The Writer in Me: TV

A Supernatural Meme that has nothing to do with this post
A Supernatural Meme that has nothing to do with this post

Does the writer in you get in the way of certain normal activities? Do you react differently in certain situations because of how you analyze the writing in it? Maybe you used to read books strictly for entertainment, but now you can’t stop noticing run-on sentences and comma splices. Well, maybe that’s more along the lines of the Grammatical Geeks (of which I happen to not be one of them, for those of you who’ve counted all of my grammatical mistakes in the first two sentences of this post) but you get the point. For instance, watching movies is not just about watching movies anymore. I don’t know about you, but TV means so much more now than entertainment on a number of levels. One of those levels is writing. When I sit down to watch a good TV show or movie, one thing I notice is how well (or poorly) the writer outlined a scene. Sure the director and actors play a major role, but I’m also looking at how the story was written, what was left out, and why. Its kinda weird I’ll admit. I’m probably the only person who yells at the screen:

“What? That doesn’t even make any sense. Who wrote this?”

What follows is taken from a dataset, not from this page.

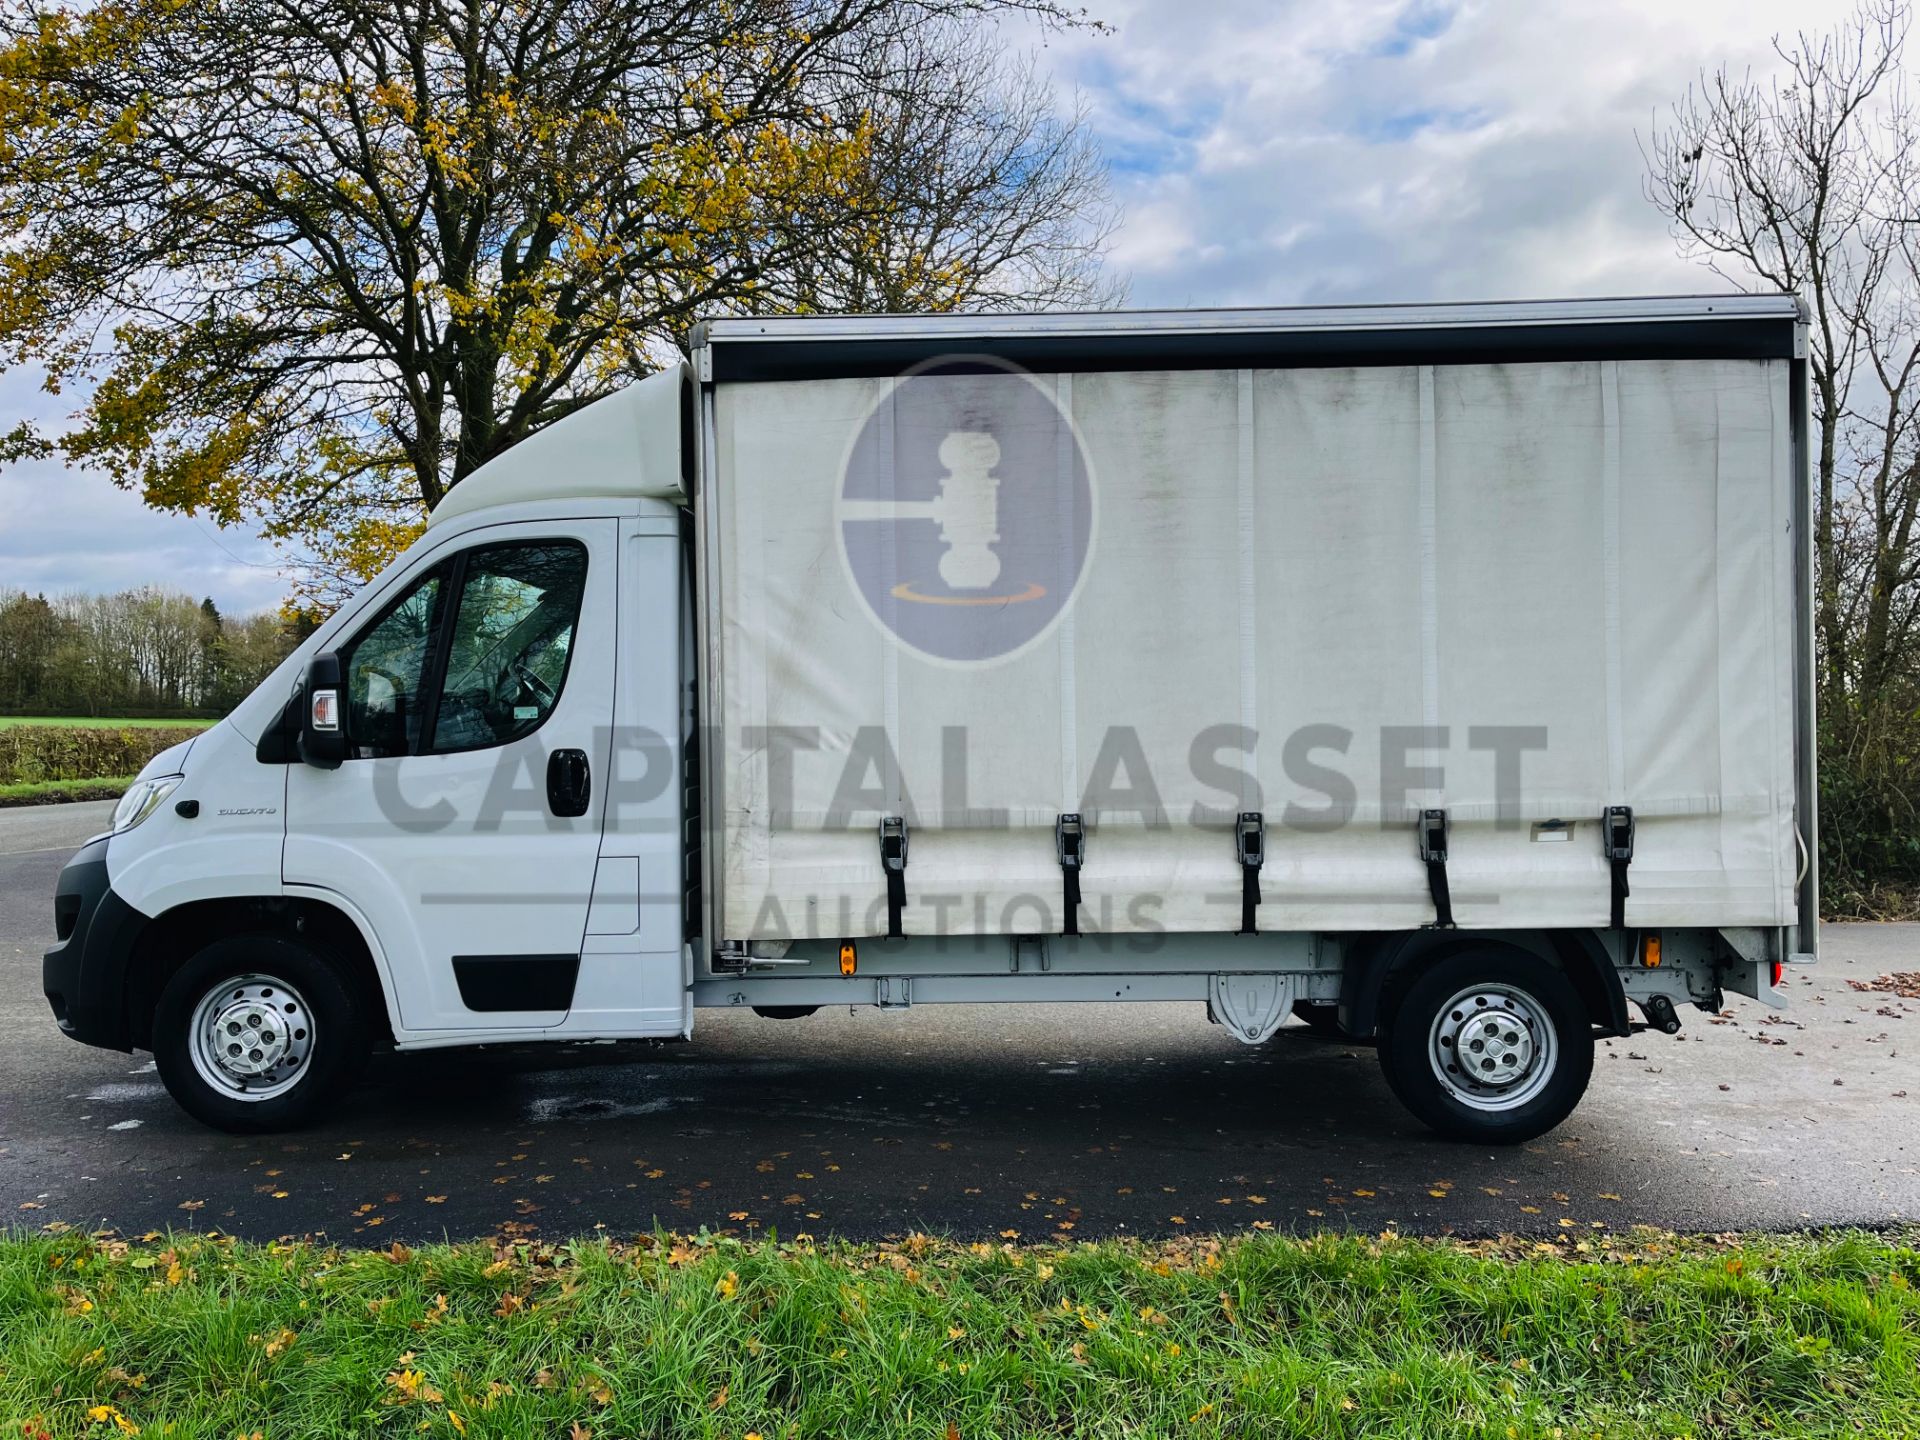 (ON SALE) FIAT DUCATO 2.3 MULTIJET (2019 MODEL) RARE CURTAIN SIDE BODY - 1 OWNER - 360 CAMERA VIEW - Image 8 of 24

On occasion I do blame the actors but mostly for me its the writers. I mean, don’t say Sara hates the color red and then have her skipping down the street in red platforms. And please don’t overdue the dialogue. The second season of American Horror Story almost lost me, way too much talking going on between the head guy of the catholic mental institution and the demonically possessed Nun (yea, forgot both their names). That season just seemed to be a lot slower than the first one. The writer in me therefore sought to mentally ask the writer what happened. Supernatural on the other hand is totally awesome when it comes to dialogue. I love the conversations between Sam and Dean, the humor that is incorporated into the story, and the carrying out of the roles by the actors. Speaking of awesome, when a TV show is excellent the writer again gets all of my praise. It rarely occurs to me that the actors merely improvised or that the director deleted a scene. In the end, I just can’t help the writers eye. But believe it or not this actually helps me in my own writing. When I write, I like to picture it playing out like a movie. I figure if I picture the story unfolding like a movie, chances are I’ll critique it with the same level of attention. Nope,. doesn’t always work but I still do it. In the same way, when I watch TV shows or movies I sometimes see it as a manuscript. I mean, someone had to write it first… write?